Out in the cow pasture, the crowd is smaller than it usually is for this—probably because the text threads used for DIY graduation were the same ones used to organize it. There are a few new faces of seniors who walked across Willowgrove’s stage but still wanted to come with their friends, but mostly it’s the same crowd. Summer’s backed her truck into the clearing, and there’s a playlist blasting from her sound system as someone starts passing around marshmallows and sticks.
At the center of everything, a pile of logs towers higher than Chloe’s head, and as the sun starts to set, the first match drops.
Between rounds of Coke and Sonic Slushes and White Claws, everyone takes their turn throwing things into the fire. Smith, who showed up with Rory in a barely buttoned shirt and shorts, dumps a Winn-Dixie bag of old tests. Georgia torches her notebooks. Jake throws his whole backpack in. Brooklyn burns a single paper with a C circled in red at the top.
“You gonna burn anything?” Rory asks, sidling up next to Chloe.
“Yeah,” Chloe says. “I have some stuff.”
He shakes out his hair, watching Smith and Shara a short distance away. Shara’s already bought tickets to see him play when football season starts.
“You seem happy,” Rory says. “Or like, the Chloe version of that. You don’t seem like you’re actively plotting anyone’s murder.”
“Thanks,” Chloe says. By now, Rory knows she takes that type of thing as a compliment. “You seem happy too.”
“Yeah,” Rory says, septum ring glinting in the firelight. “Ready to hit the road.”
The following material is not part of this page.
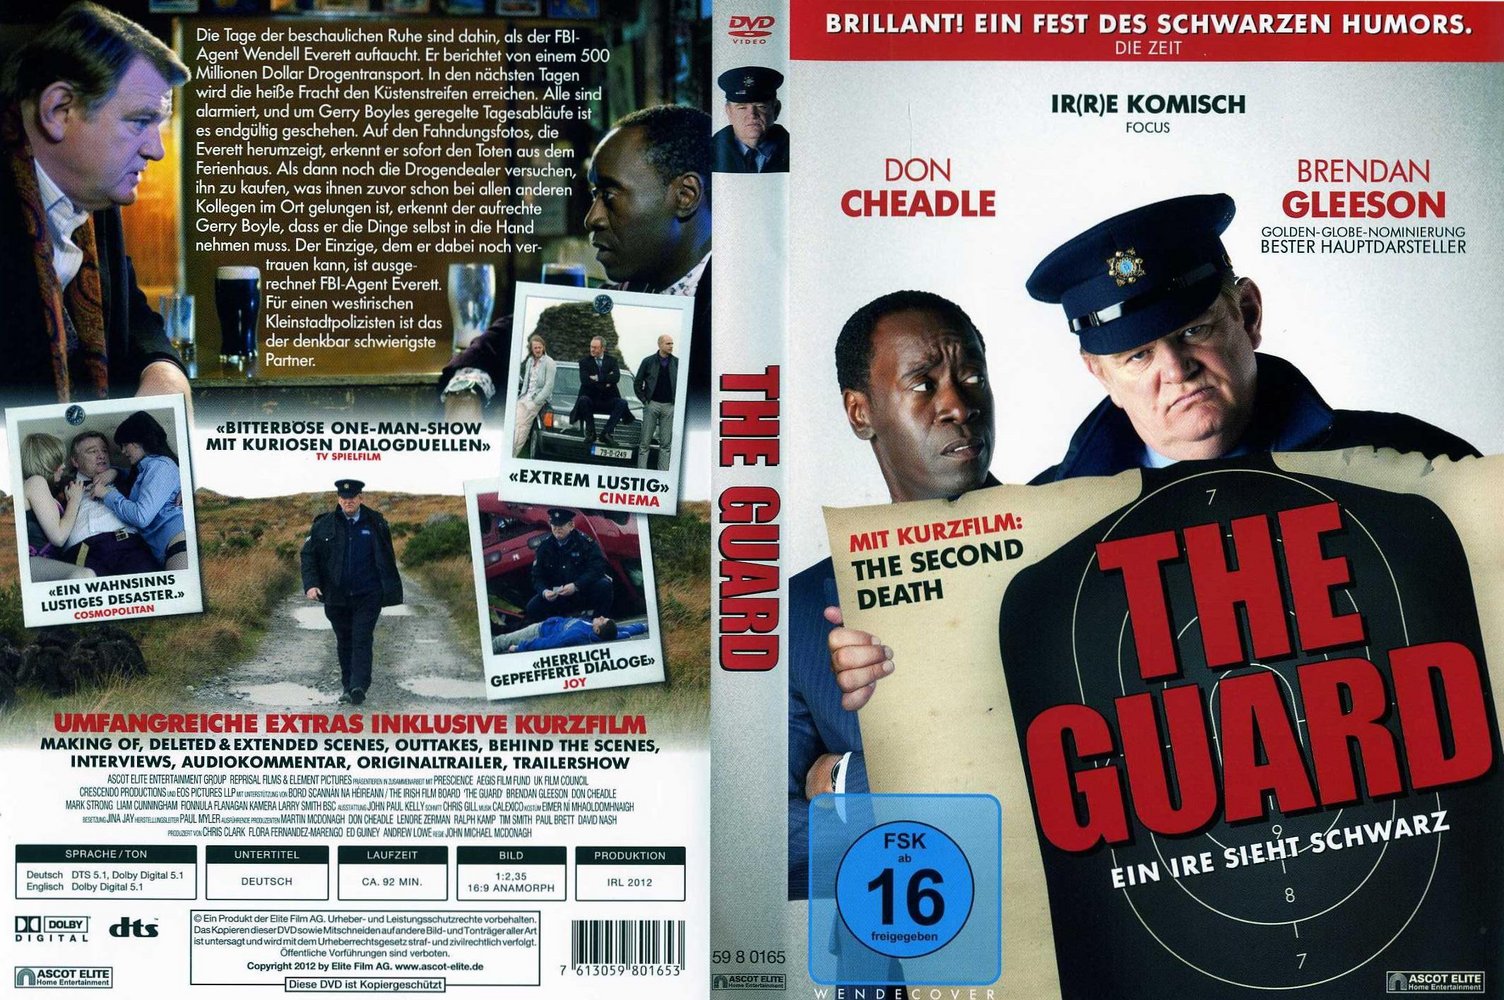 https://gfx.videobuster.de/archive/v/cYWi_Hd9G5qTPAft5VjzVwAcz0lMkawqCUyRjAzJTJGaW1hmSUyRmpwZWclMkbOY2ZhZjJjZLPvYTDxZq5mZjBiZPQyY6xmLmpwZyZyPWimMDA/the-guard-dvd-full-cover.jpg

She saw him and Smith packing up the Beemer yesterday when she was sneaking into Shara’s yard. Smith’s off to College Station for preseason training soon, but before that, they’re road tripping up the coast to visit Rory’s older brother, then back down to Texas to drop some of his stuff off at his dad’s before he moves in. He’s thinking about applying to a community college in Dallas now that Smith has convinced him to start seeing someone for his dyslexia, but first he’s spending a year going to DIY shows and working on his music.
There’s something horribly romantic about it, she thinks: Smith Parker broadcast across television screens in burgundy and white, taping up his hands, touching his fingers to his lips and raising them to the sky, and Rory in the bathroom of some grungy concert venue, watching the game on his phone and writing lyrics about someone who runs and runs and runs.